Our marketing expenses in 2010 were approximately S/.5.2 million, or 0.6% of our net sales. Historically, our marketing strategy has been to develop brand loyalty by providing high-quality products, tailored to the needs of our customers, and customer service accompanied by complimentary training for the maestros de obra , who are typically the decision makers in the auto-construcción segment.

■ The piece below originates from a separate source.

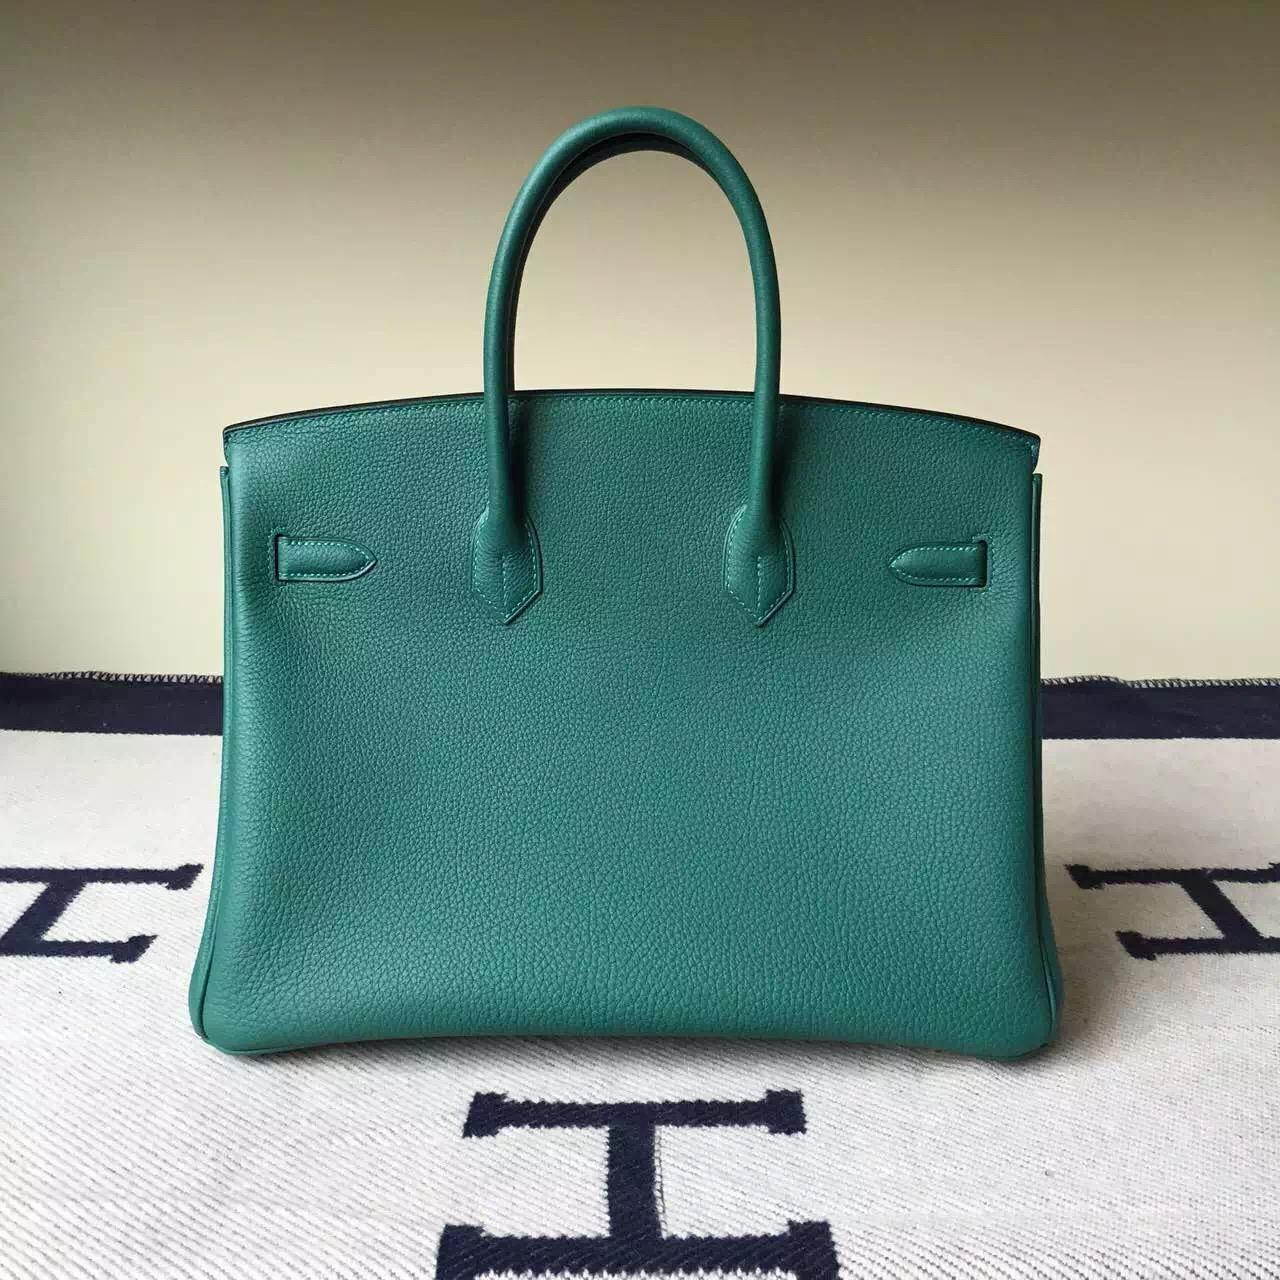 Sale Hermes Z6 Malachite Green Togo Calf Leather Birkin35cm Bag

To maintain and improve our relationship with retailers, we have developed several loyalty and incentive programs designed for our distribution network. For instance, members of our distribution network can redeem points for various prizes, ranging from computers to trucks. We have also partnered with Scotiabank to provide our customers with small loans to help finance the purchase of our products.
Research and development
As of September 30, 2011, our research and development group consisted of seven geologists and six scientists. Our research and development team is mainly focused on developing (i) an ideal mix of additives for our cement products in an effort to reduce the amount of clinker material in our cement; (ii) other concrete products with various practical applications, and (iii) products with specific characteristics that meet market demands. We believe our research and development department is an integral part of our strategy to develop innovative cement products by continuously studying the chemical composition of cement and making it adaptable to the requirements and specific needs of our end consumer.
Phosphate project
Overview
In 2007, we acquired a diatomite concession (Bayóvar No. 9) located in Bayóvar in the northwest of Peru. Diatomite is a raw material that we use in our cement production. In performing drill tests to extract diatomite at the Bayóvar field, our team of geologists discovered phosphate rock deposits, a chemical component used primarily as a fertilizer in the agricultural industry.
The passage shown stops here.